I was about five hours into the journey and had achieved that rush; the serge of adrenalin and release of endorphins that makes one feel carefree and exalted. I was working my way around a large room when my flashlight beam caught a piece of cloth on a low ledge. As I drew closer I could see it was a doll; an Indian doll. Only about six inches long it was in a tiny cradle board made from deer skin with decorative beads attached. The doll itself was made of wood with eyes and mouth painted on. My mind tried to picture how this child’s toy could have gotten this far into the cave.

My flashlight beam wandered. I let out a yell and fell backwards dropping the light and skinning my palms. I had seen a face; a horrible face that looked at me with no eyes. Black wisps of hair hung in tatters across the face with a sunken nose. White teeth and exposed bone had gleamed in the light beam. My instincts were to run. With a shaking hand I recovered the flashlight and had to shine it back on the horror to see if it was moving toward me.
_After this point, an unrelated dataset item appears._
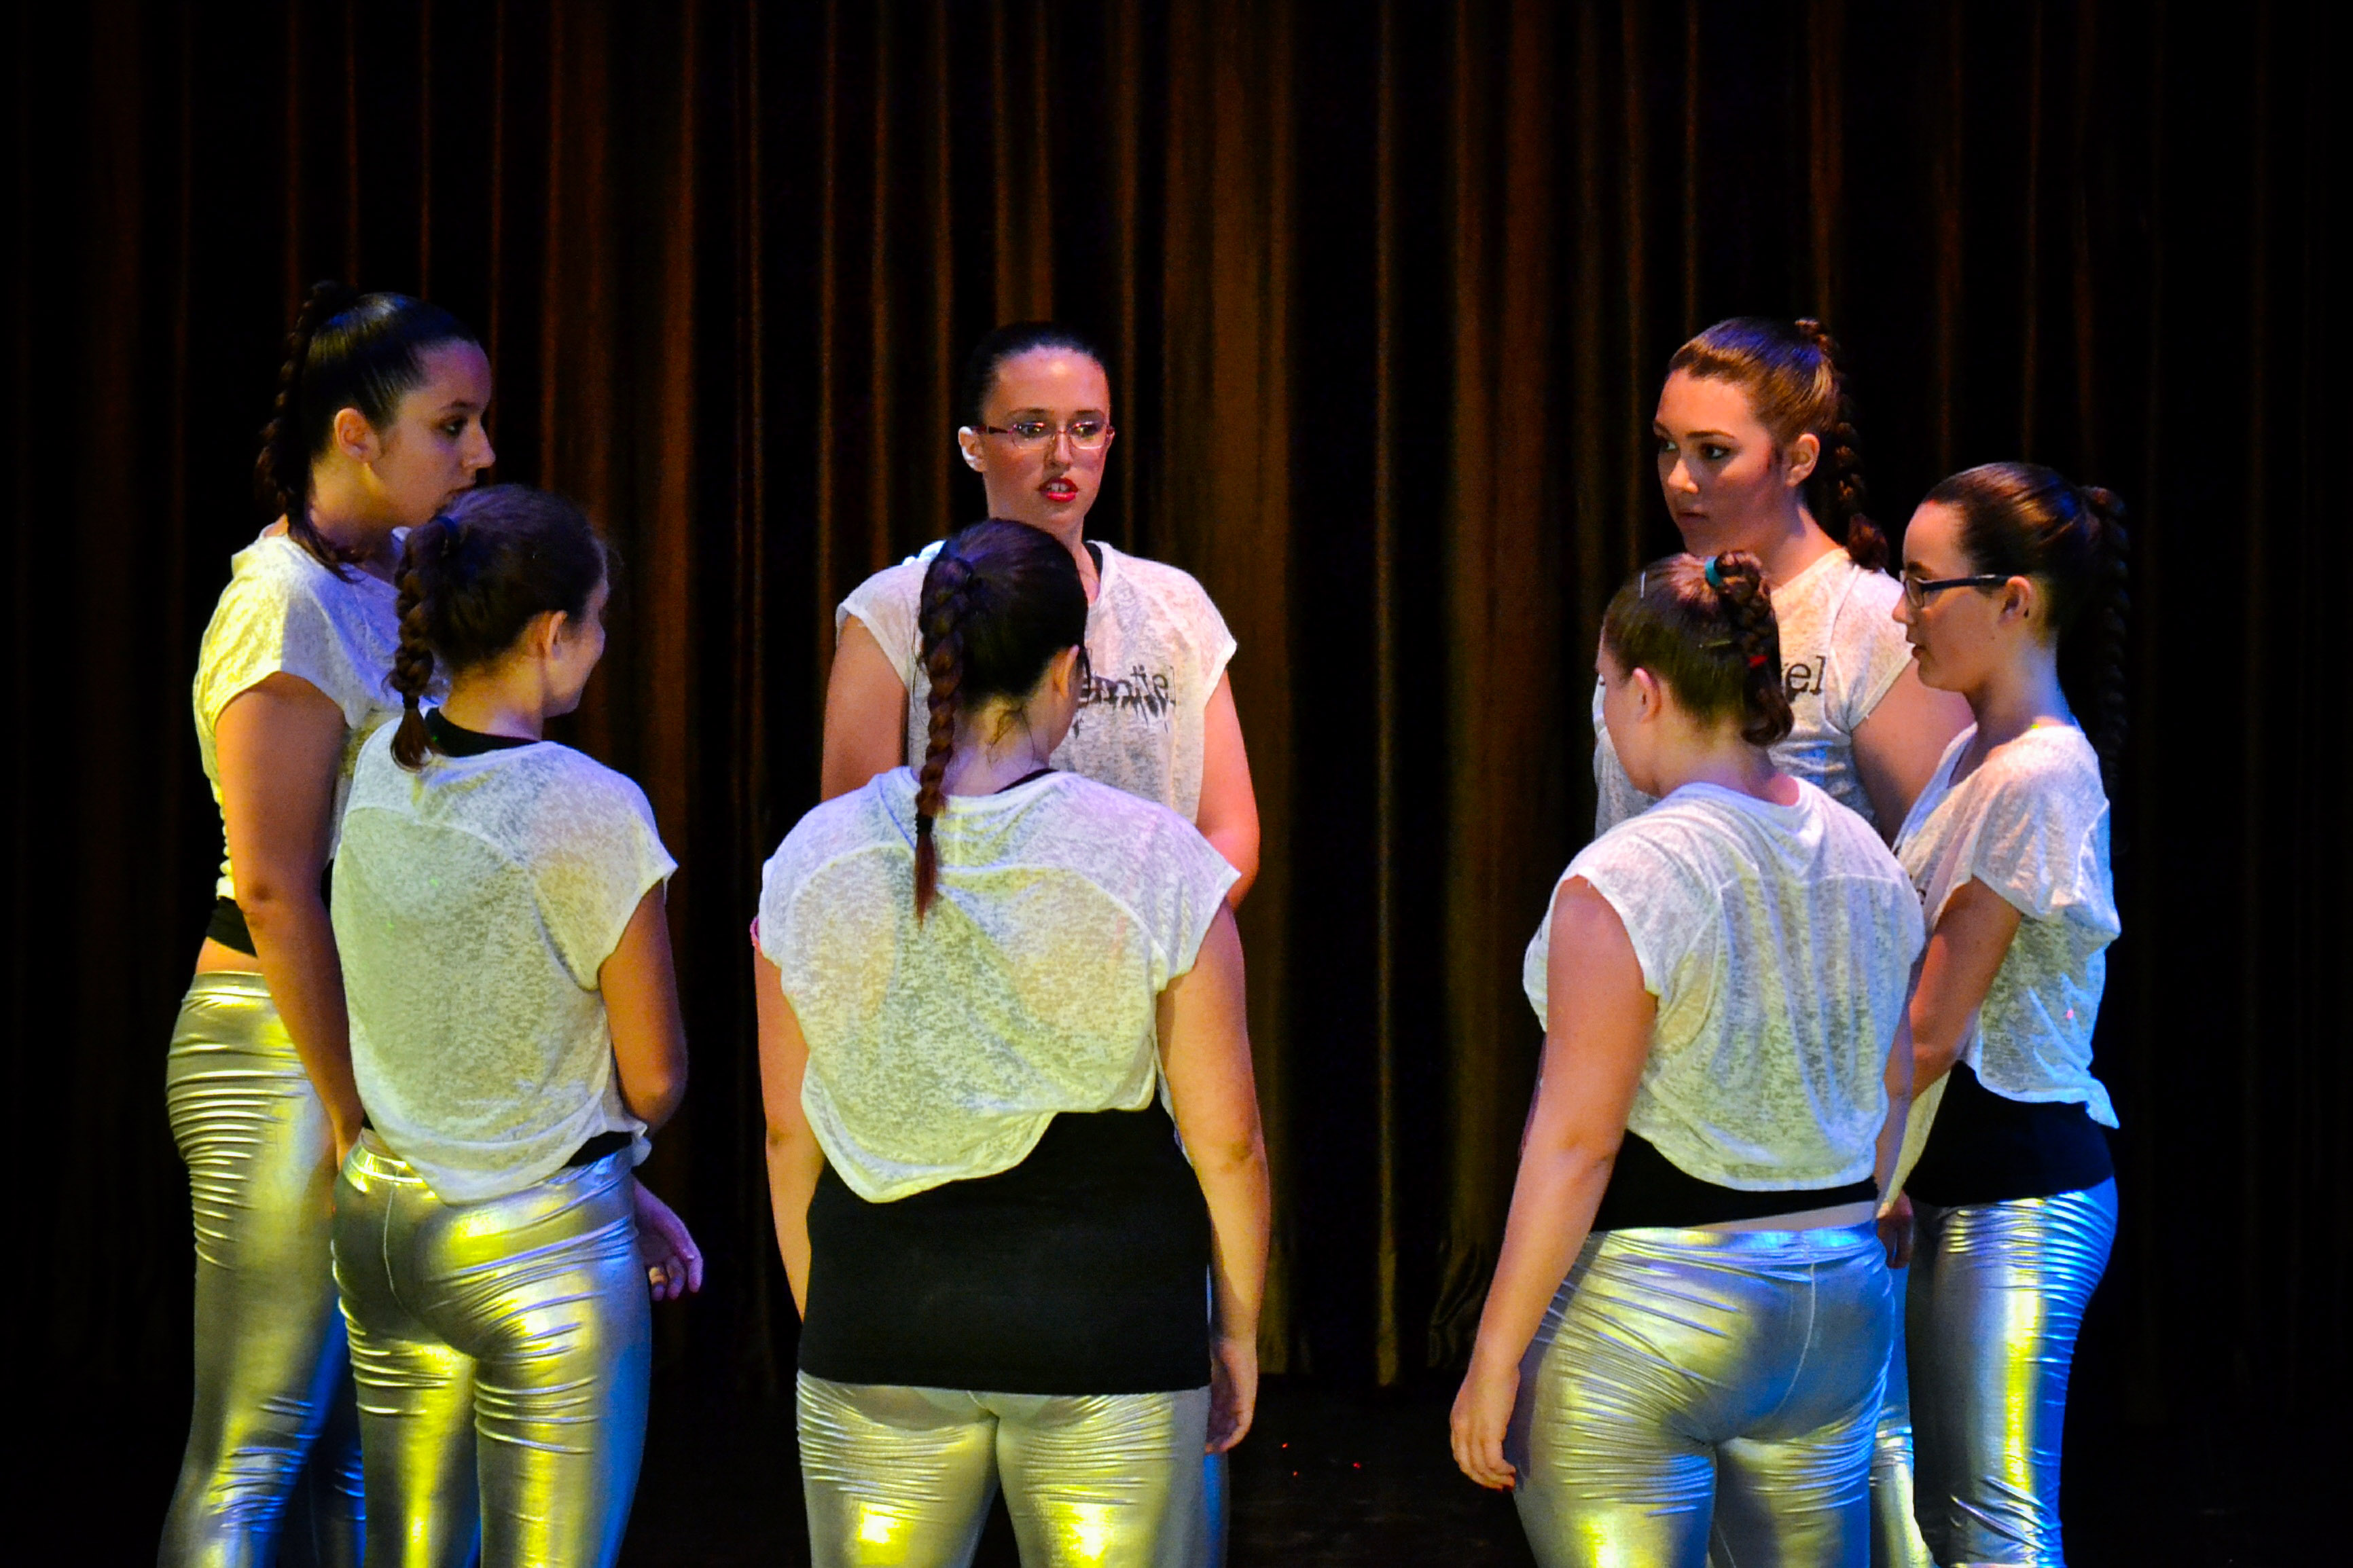 Linea-de-Baile-festival-verano-2015-clases-de-baile-valencia-164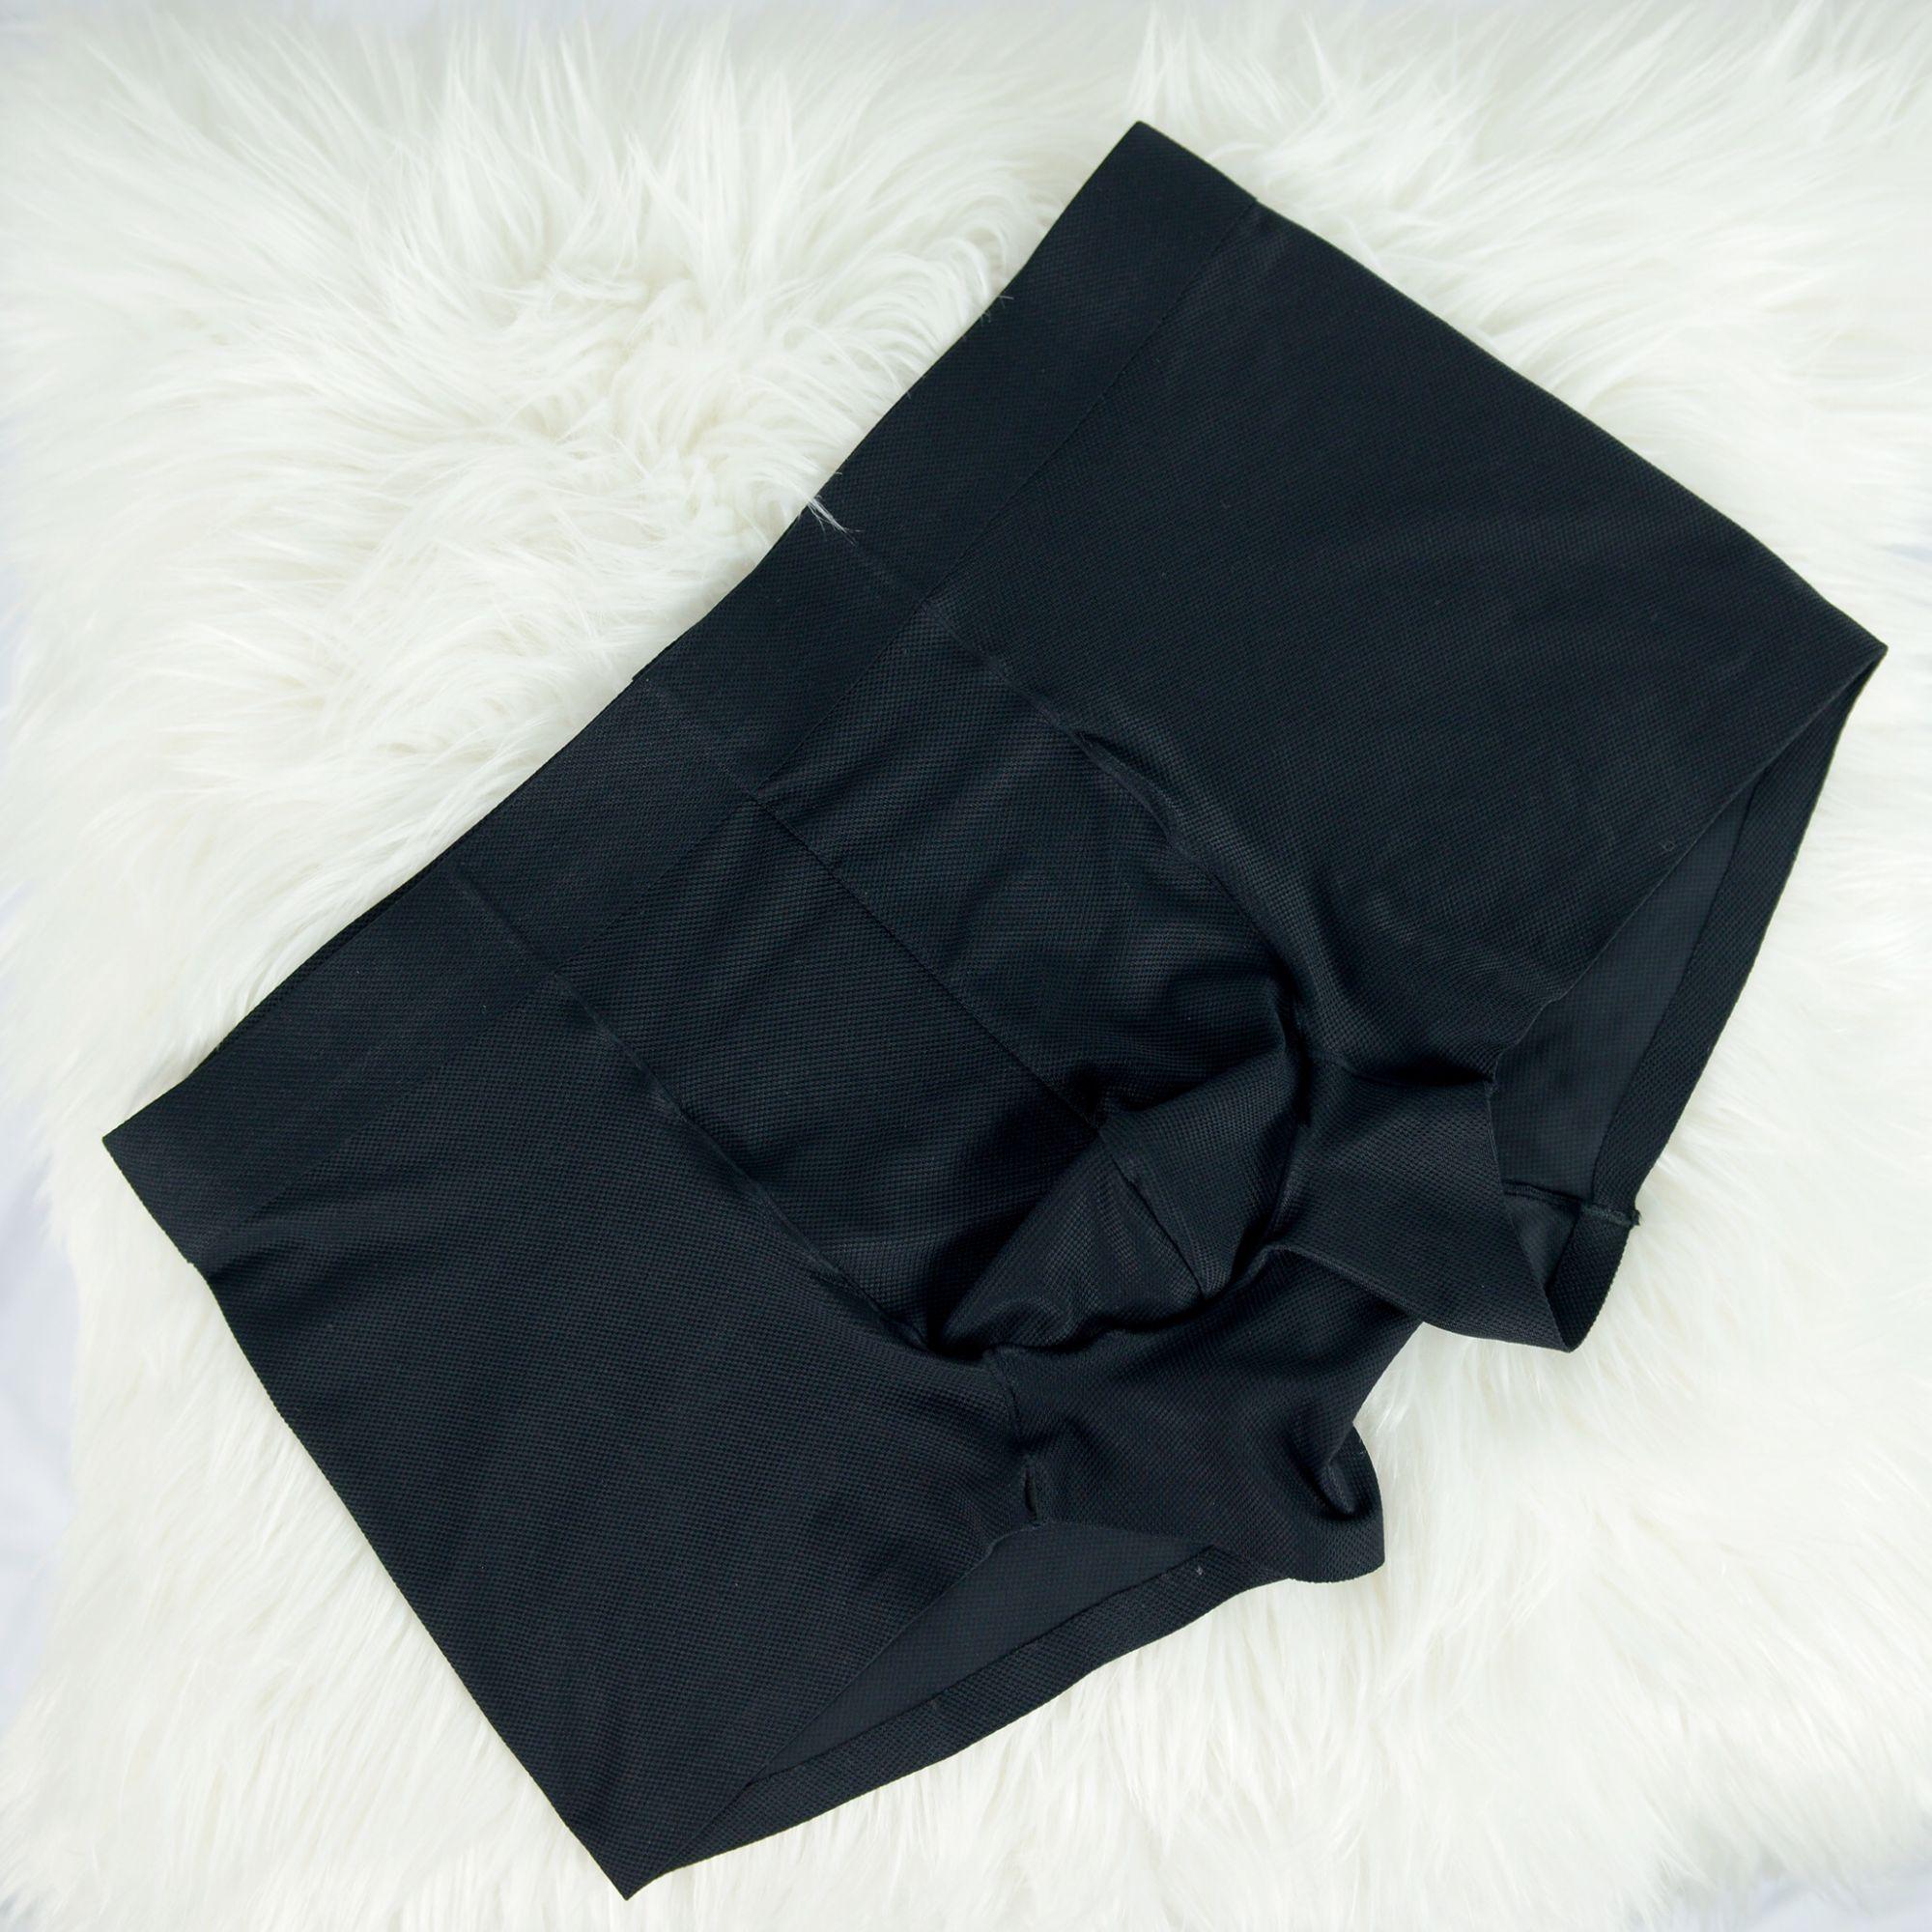 Nguyên tắc giúp mặc quần lót nam đúng cách

Then I could see the thing. It was a mummified body partially decayed with boney outstretched arms. As my heartbeat slowed I could see that it was just a child of five or six. I could detect a look of anguish in that face. The decaying clothes of animal skin indicated a girl of the ancient past. I realized, the tiny wooden doll was hers.

My horror turned to sadness. How could she have gotten here? I looked for signs of a torch but found nothing. Why, a girl with her doll wandering this inky blackness?

I carefully picked up the doll. Hundreds, maybe thousands of years ago, this flesh and blood girl had received this doll from -- probably her parents. How she must have loved it. Shone its white deerskin wrap and painted face to the other children. Carrying it with her to the flowing creek and the meadow full of flowers and butterflies. Slept with it in the crook of her arm so she could see it in the morning as she first opened her eyes. How happy her parents must have been to see that their handiwork was the most precious thing in her life.

But why the cave? During play, had she wandered in to far and lost her way? Or, more dramatically, had the enemy tribes from the north invaded, and her parents left her in the safety of the cave, telling her to stay quietly until they returned for her. And then left to face their fate.

It was a sad picture I had of a five year old girl, hugging her doll, face stained with tears. Tormented by thirst and hunger and cold and fear as she staggered and crawled in the total darkness searching for light. Through mud and water, clutching her tiny companion, she faced more hell in that cave then most do in a lifetime. And then when the end came and she could go no further, the unkindest thing of all. She dropped her doll and in total darkness and to weak to search, she had to lay down to die alone.

With tears of sadness in my eyes I sat down on the cave floor next to the little girl, and for the next half hour I provided silent companionship to one who needed it so badly. Then I lay the doll in the crook of the beautiful little girls arm.

I can’t explain it, but I immediately sensed a force within the cave: a cold breath of air. Seemingly, blowing across the centuries it came. The little girl’s arm closed and her doll was pressed to her breast. I stiffened, but then relaxed. How it happened seemed less important to me then that it did happen. My eyes were still moist, now with tears of joy.

As I gathered my gear and headed out, I shined my light for one more look. The little girls face had lost its look of anguish, and instead was one of peaceful sleep. -- I then returned to my world.